I think to get the revenue ‘multiple’ working for a solo job in the context of a co-op FaaS service offered by pariticipating Autonomi Network noderunners,
‘it’ means the job owner paying to execute the job, to run in
one noderunner hosted Container
running ( ie canman/incus managed)
or
have a bigger job run across a cluster of containers running the a bigger multi-core/multi thread job
where in the latter case
other containers could be requested and obtained for short use from other noderunner operators also participating in what is a co-op FaaS service ,
the job owner paying and uploading the job to one or more containers should also have the option to store/upload the result or data set/information created to Autonomi Network and,
of course download/receive the job result
from some in memory temporary result container
(or set of containers if the output of the job is big, -ie generating a synthetic data set, creating a movie from a job script, etc, )
is all Very doable, all of it built on top of the existing Autonomi Network XOR addressed framework,
Imo the real value add of such a co-op FaaS Service dev effort would be to:
create a job uploader
which makes use of the existing Autonomi Network encryption
to re-use the quote system from one or in this case a FaaS co-op quorum of node runners that have joined a ‘service group’
where these members of the FaaS co-op service group set/up, reserve and publish the availability of
one or more containers to a FaaS service type (there will be variations of FaaS)
where the container capabilities are ‘marketed’ by the noderunner
ie- FaaS_member__systype__container_(ie compute, temp_store nvme, temp_cache_DDR5, etc..) ,
CPUcycle%reserved,
, so much memory and
perhaps a certain amount of local ephemeral storage per the storage or cache type specified and offered by the node runner.
n.b-canman design currently has sqlite specified, so the noderunner could use that to setup their participating offer in such a FaaS and then publish (say use FOSS NATS pub/sub broker which can run in a private canman/incus orchestrated container) to publish the noderunner’s local marketplace page to the other currently participating (they will come and go) noderunners of the ‘service group’ so these service group noderunner participants can add such a new ‘container available’ to rent of type such and such’ listing to their own copy of the marketplace page, something simple like that.
canman is designed to run a python flask web server, which is lightweight, to handle such page display, web server url pages, the latter which imo really should be found by anyone in the Autonomi Network, with the DNS of ‘four word’ network addressing, that @dirvine is working on., so anyone in the network can check to see what container resources are available at any time and what the price of rental offerings look like (and for how long, sort of the like Air BnB
)
Then once the compute ‘FaaS’ job is complete,
the job uploader’s regular Autonomi Network Close Group, now sees the uploader owning and paying for the job optionally asking to get a quote to permanently store the results of the job just completed, a result which may be stored in one or more result (memory-cache or ephemeral disk volume) storage containers, which have will have also upfront be advertised and have a different quote price offer (it’s mainly just temporary storage, so the quote would be lower…
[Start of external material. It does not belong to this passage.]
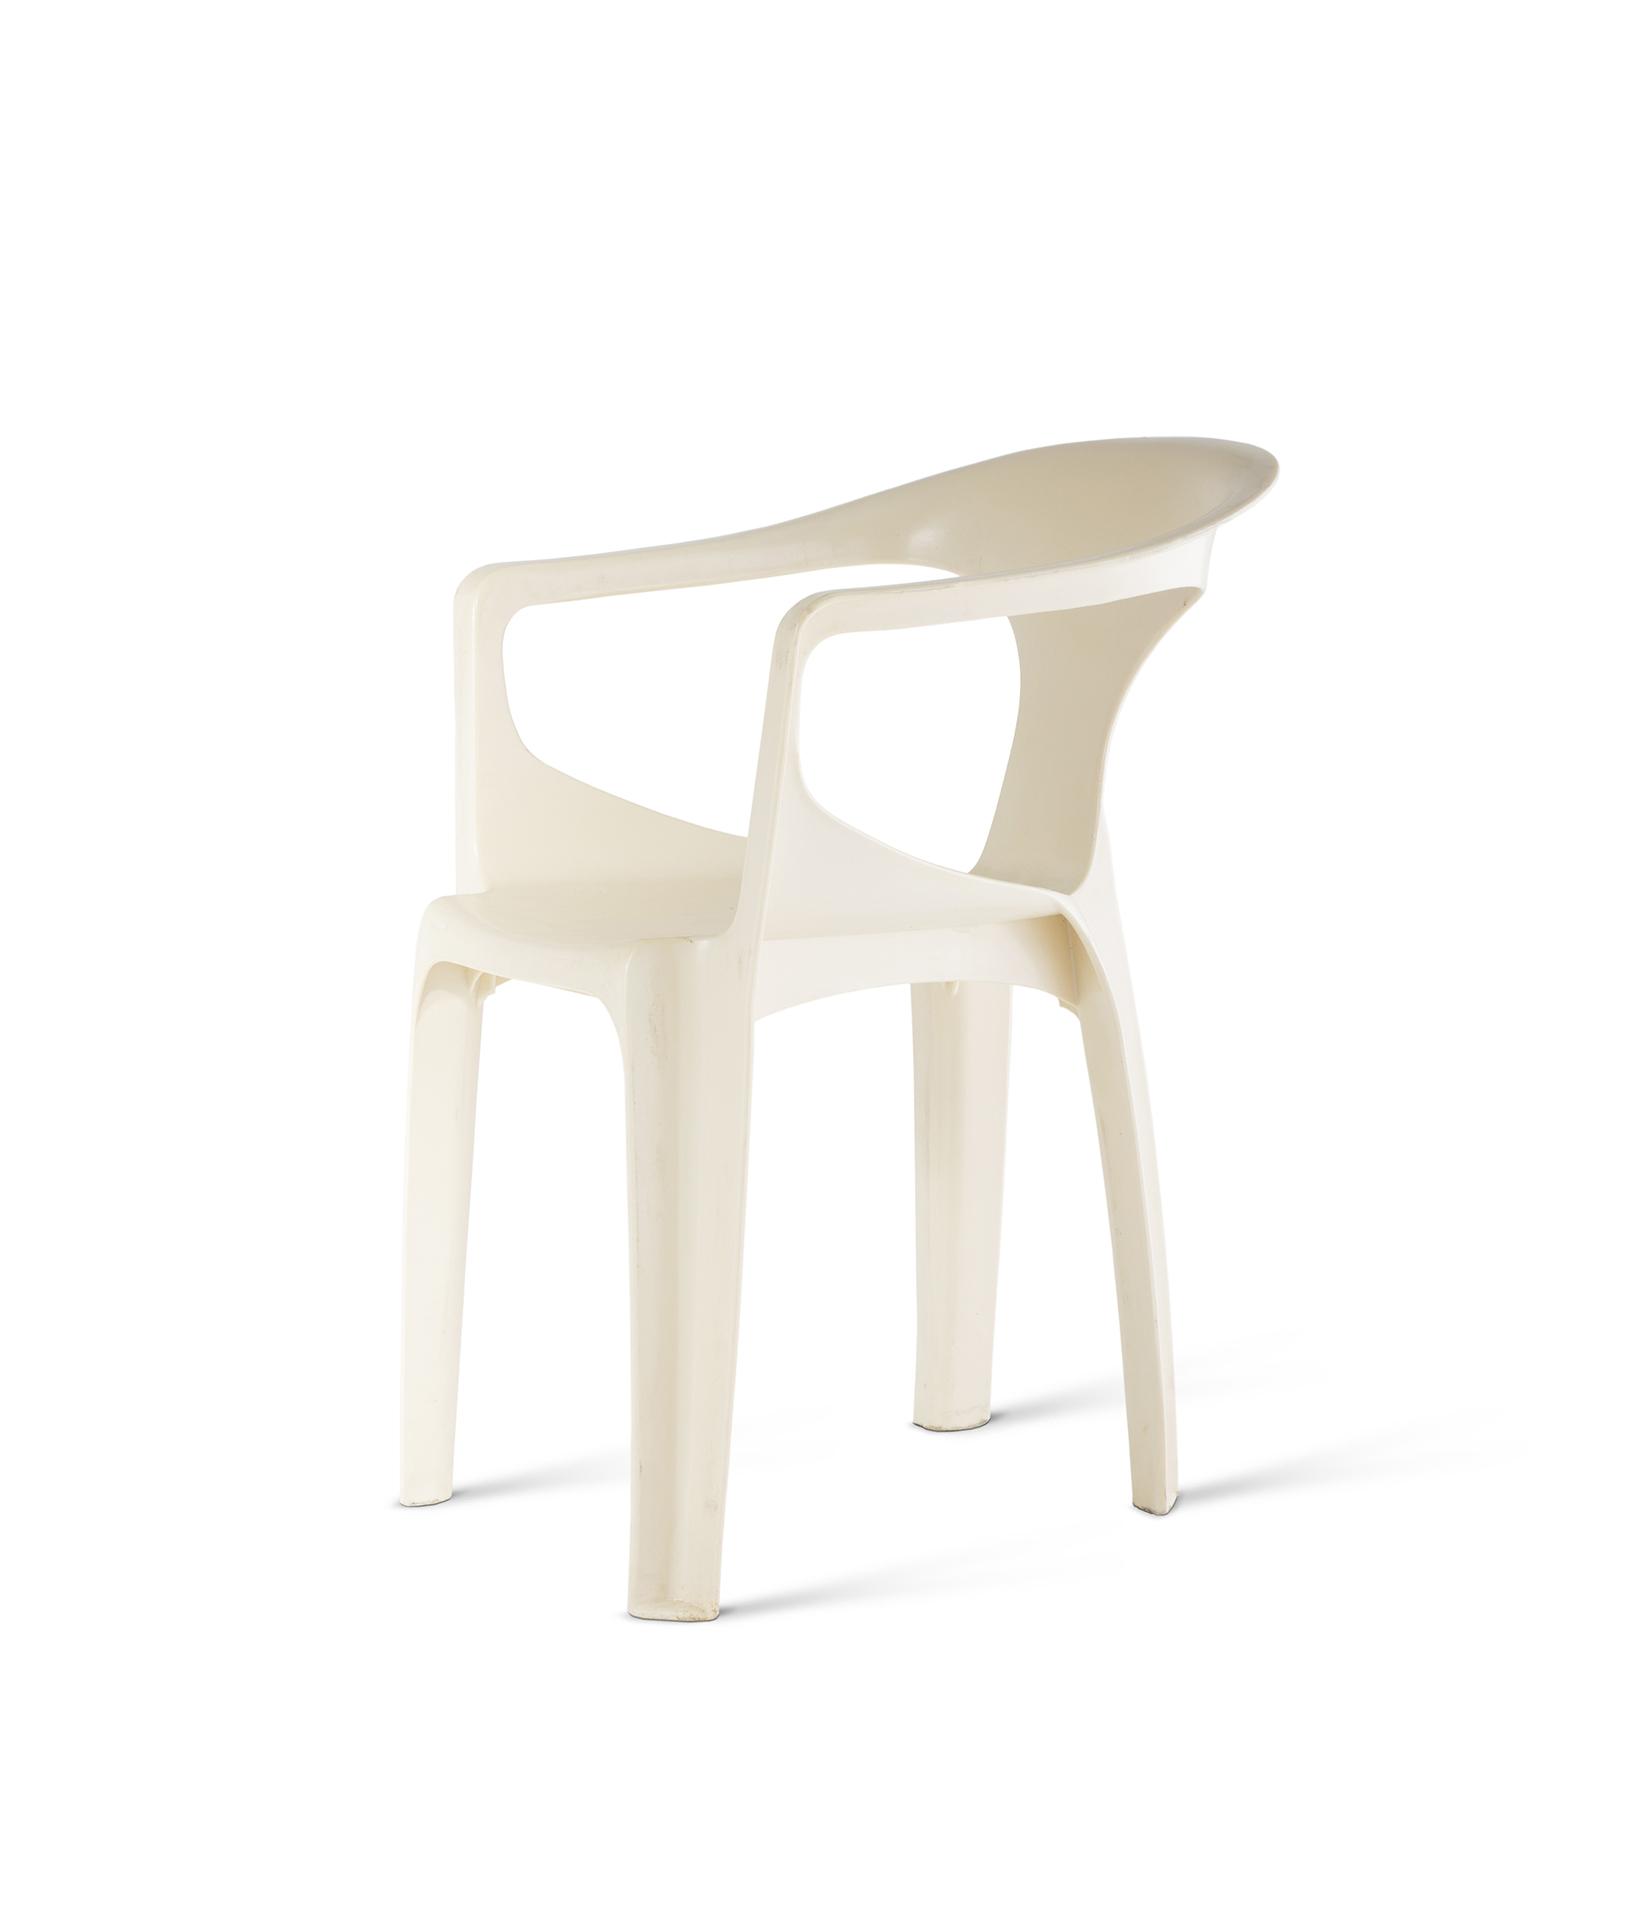 «Fauteuil 300»: Zwei Minuten dauert die Herstellung dieses Stuhls, entworfen vom französischen Ingenieur Henry Massonnet.

So the job owner will need to first peruse then select what is available from the html page manually, and or pro grammatically (hence the need for a FaaS Job uploader variant of DAVE ?)
the other thing to add in, to the whole co-op FaaS workflow is ‘observability’, that is state data captured and recorded over time and placed in job timestamped logs, so container performance can be captured, and later used to generate noderunner ‘container landlord’ ratings/reputation ( fast//slow, operated as advertised, no crash events, etc..)
So a story something like the above is a place to start, me thinks,
for such a magical co-op FaaS Service dream 
co-operating on what would be a group project and parceling out the different types of work within the co-op, given member availability to parts of the work,
is really a co-op member product manager type of job,
then you have the lead service architect/framewrk developer,
and then specific capability developers,
the QA of such a co-op Service Build Effort like co-op FaaS,
imo should also have each member offer up some container capacity,
so as to to run a distributed automated test framework,
setup something like what I used to use in the IBM STAF “System Test and Automation framework (we set this up back in the day @ Surfkitchen in CH, hosted largely (ironically) in NA on VPSLand servers in TX in the mid ‘00s, running it in Multiple ESX VMs, some of the testing running via STAX agents in VMs hosted on developer and QA engineer desktops to run distributed testing at night, (Our little test team called our STAF/STAX implementation the “Octopus”
)
IBM STAF is still FOSS and out there for baseline reference, for anyone interested. Works alot like the old distributed.net project that SETI used to run.
fyi- There are emerging lightweight tools out there like dstack aimed at AI jobs as well that definitely offer some baseline reference for such a FaaS co-op service concept as to how ‘it’ should, and should not be done.